4. An apparatus for training a face detection model, the apparatus comprising:

the classification module is used for acquiring the classification loss rate of the plurality of different face image samples, wherein the classification loss rate is the ratio of the number of lost features in the face image samples to the number of features contained in the face image samples;

the classification module is also used for classifying the samples with the classification loss rate larger than a preset threshold value into a complex face image sample class, and classifying the samples with the classification loss rate smaller than or equal to the preset threshold value into a simple face image sample class;

5. A face detection method, characterized in that the face detection method comprises:

identifying a second face candidate region according to the face image to be detected and a plurality of face detection models established according to any one of claims 1-3;

6. The face detection method of claim 5, wherein the face detection models include a first face detection model, a second face detection model, a third face detection model, and a fourth face detection model, the first face detection model, the second face detection model, the third face detection model, and the fourth face detection model have different complexities, the face detection method further comprising:

obtaining a face detection result according to the face image to be detected and the first face detection model;

acquiring a third face candidate area according to the face detection result and the second face detection model;

acquiring a fourth face candidate area according to the face detection result and the third face detection model;

acquiring a fifth face candidate region according to the face detection result and the fourth face detection model;

and if the deviations of the first face candidate region, the third face candidate region, the fourth face candidate region and the fifth face candidate region are smaller than a preset deviation, determining the first face candidate region as a face recognition region.

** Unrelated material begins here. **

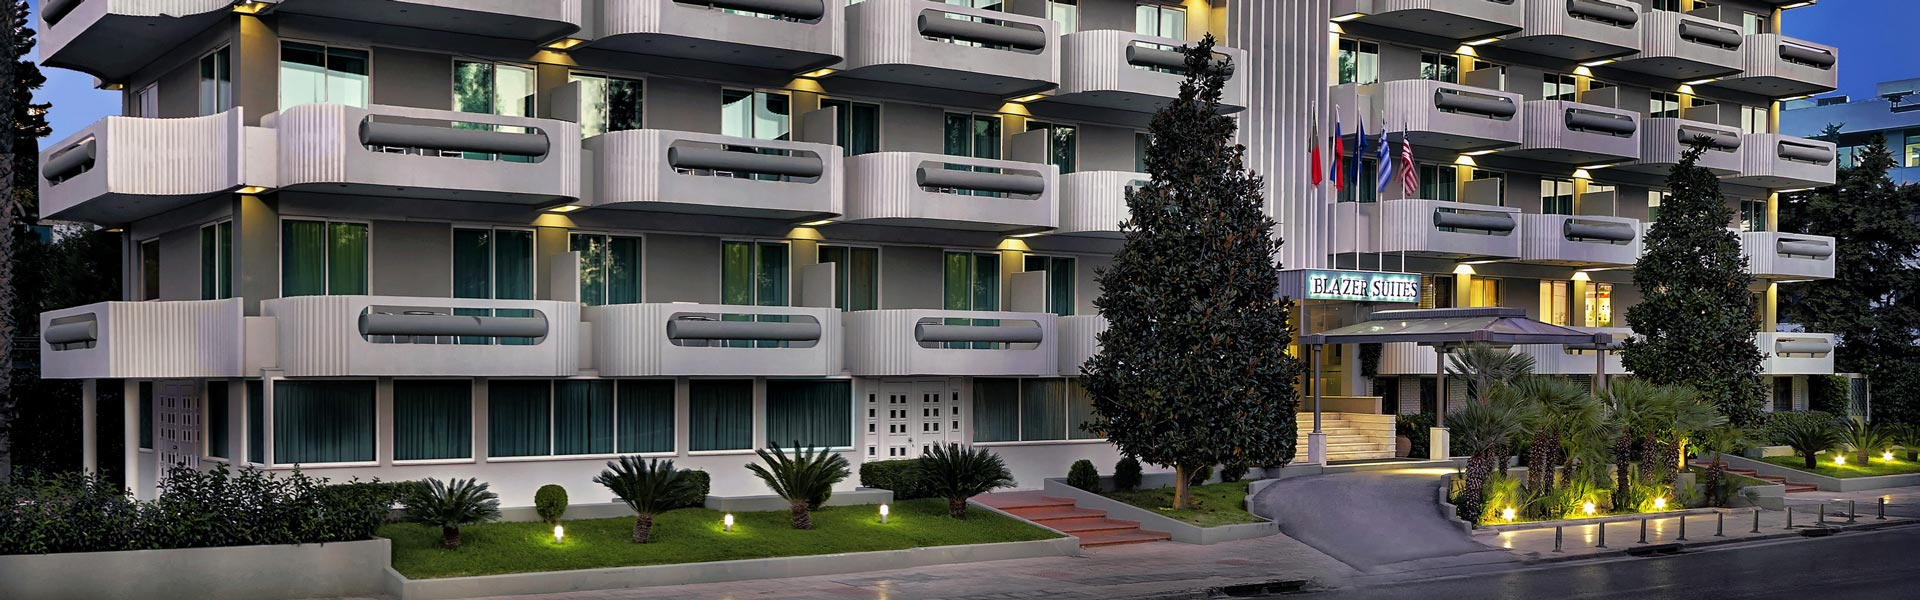 Blazer Suites Hotel Glyfada

7. A face detection apparatus, characterized in that the face detection apparatus comprises:

the candidate region acquisition module is further configured to identify a second face candidate region according to the face image to be detected and a plurality of face detection models established according to any one of claims 1 to 3;

8. The face detection apparatus of claim 7, wherein the face detection models include a first face detection model, a second face detection model, a third face detection model, and a fourth face detection model, the first face detection model, the second face detection model, the third face detection model, and the fourth face detection model having different complexities;

the candidate region acquisition module is further used for acquiring a face detection result according to the face image to be detected and the first face detection model;

the candidate region acquisition module is further used for acquiring a third face candidate region according to the face detection result and the second face detection model;

the candidate region acquisition module is further used for acquiring a fourth face candidate region according to the face detection result and the third face detection model;

the candidate region acquisition module is further used for acquiring a fifth face candidate region according to the face detection result and the fourth face detection model;

the face recognition area determination module is further configured to determine the first face candidate area as a face recognition area if the deviations of the first face candidate area from the third face candidate area, the fourth face candidate area, and the fifth face candidate area are smaller than a preset deviation.